The term correlation has a statistical meaning that is similar to the commonly understood concept of correlation or association. Specifically it refers to a measure of the similarity between two (or more) paired datasets. Correlation does not imply causation although it may suggest a possible causal relationship (see further, the earlier discussion on Misinterpretation of statistics, and the Wikipedia discussion of this issue). The clearest example of this difference is the ongoing debate regarding climate change - the observed correlation between mean global temperature rise and carbon dioxide emissions may well indicate that the temperature rise is caused by the burning of fossil fuels, but there might be other factors that directly or indirectly account for the observed relationship.
Two variables that are measured in pairs but for which no apparent correlation exists can be regarded as (probably) independent of one another. On the other hand, if some form of correlation is detected then their independence must be questioned and the possibility of a dependent relationship warrants examination. In this context we often talk about one variable in the pair being regarded as the independent variable and the other as the dependent variable. Again, this does not imply causality, but rather reflects the manner in which the pairwise variation (co-variation) is examined. For further discussion of graphing data pairs and the difficulties associated with interpretation and analysis of this type of data, see the topic Exploratory Data Analysis in this Handbook, including the discussions of Anscombe's Quartet and Scale dependency.

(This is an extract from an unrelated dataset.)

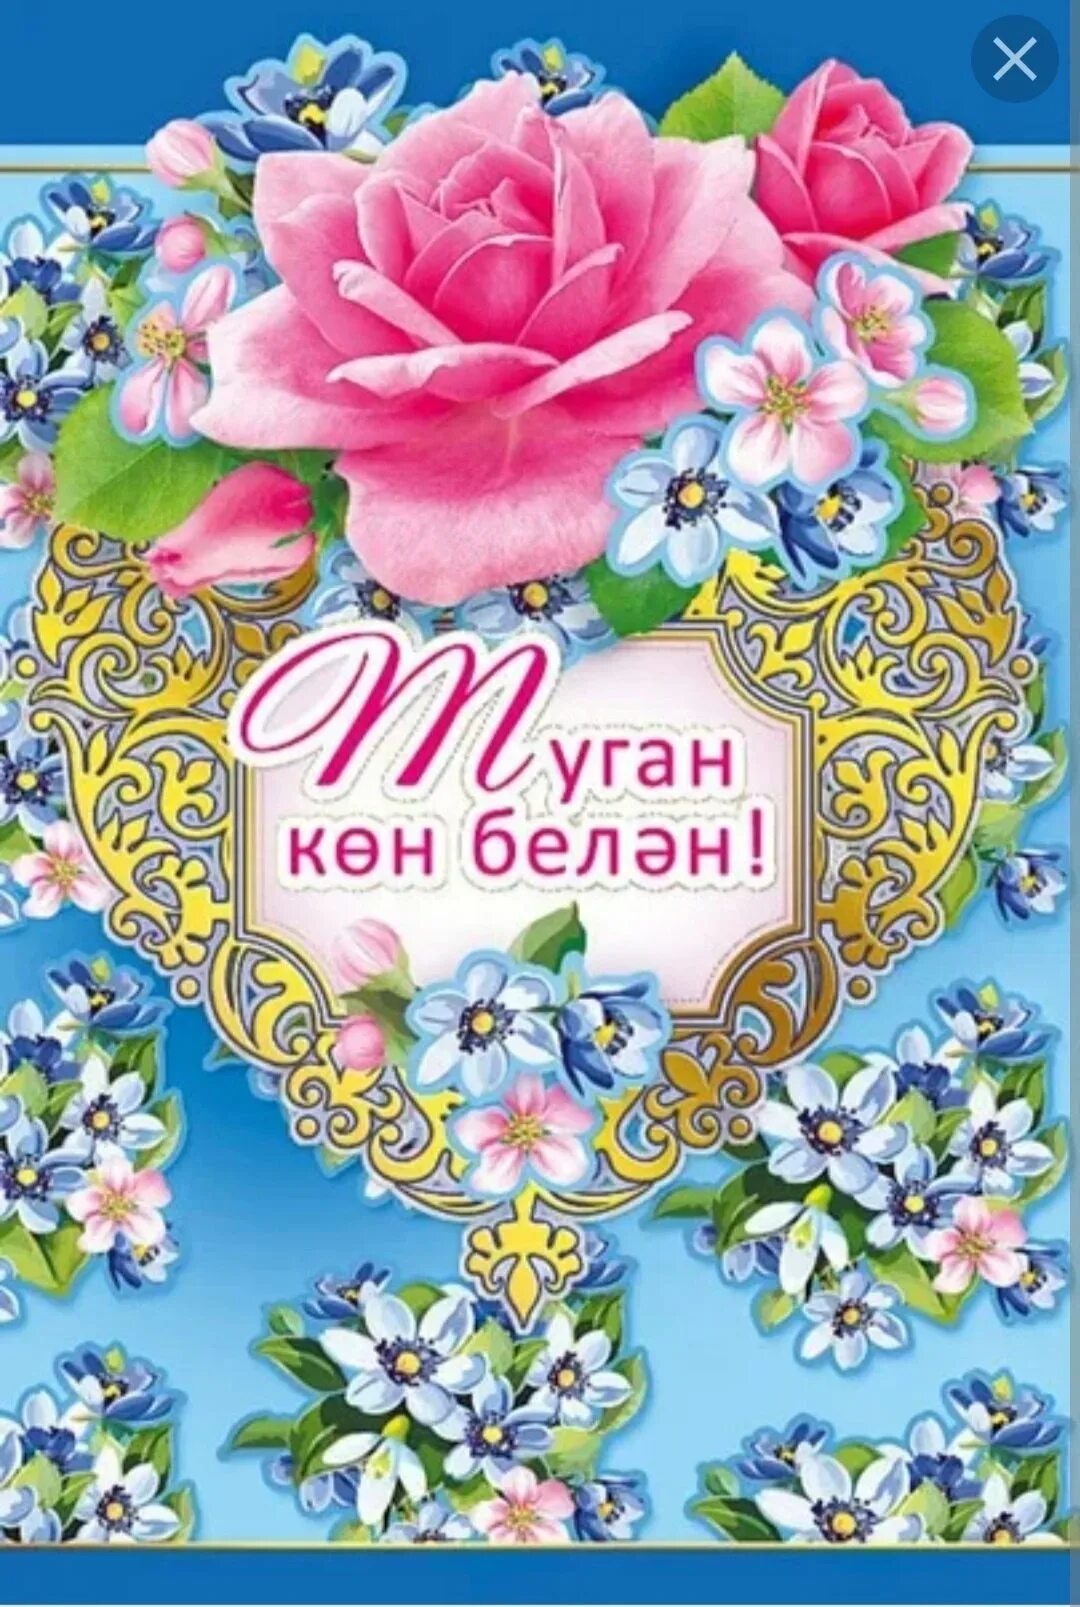 Туган юбилей белэн. С днём рождения на татарском языке. Поздравления с днём рождения на татаском. Поздравление на татарском языке. Поздравления с днём рождения на татарском.

A measure of the degree to which two (or more) variables are correlated is known as a correlation coefficient. This is a statistic, computed from the data, that typically has a range [-1,+1], where 0 indicates no correlation, +1 indicates perfect positive correlation and -1 indicates perfect negative (or inverse) correlation. For real-valued data the most widely used correlation coefficient is that due to Karl Pearson, known as the Pearson or Product Moment correlation coefficient. This is essentially a measure of linear association that assumes the data is drawn from a Bivariate Normal population. Pearson's coefficient can yield misleading results depending on the nature of the association (especially if non-linear) and if the data includes outliers. More robust measures include those in which data is either measured as ordinal or treated as ordinal, and ranked. Two principal coefficients of rank correlation are widely available, due to Spearman and Kendall.
Correlation can be analyzed between more than two variables, typically by holding one or more variables constant whilst examining the correlation between a specified pair of variables. This approach is known as partial correlation analysis, and is described later in this topic. Another, major extension to correlation techniques applies to data recorded in series, especially time series and spatial series (sorted by distance band). Unlike standard correlation, with two variables, only a single variable is analyzed, in this case comparing pairs of values separated by an interval of time or distance band (a lag). This enables patterns of dependency in time and/or space to be studied, assisting in model development where the common assumption of independence of observations does not hold. The general name used for such correlation techniques used to be serial correlation, but it is now more usually referred to as autocorrelation.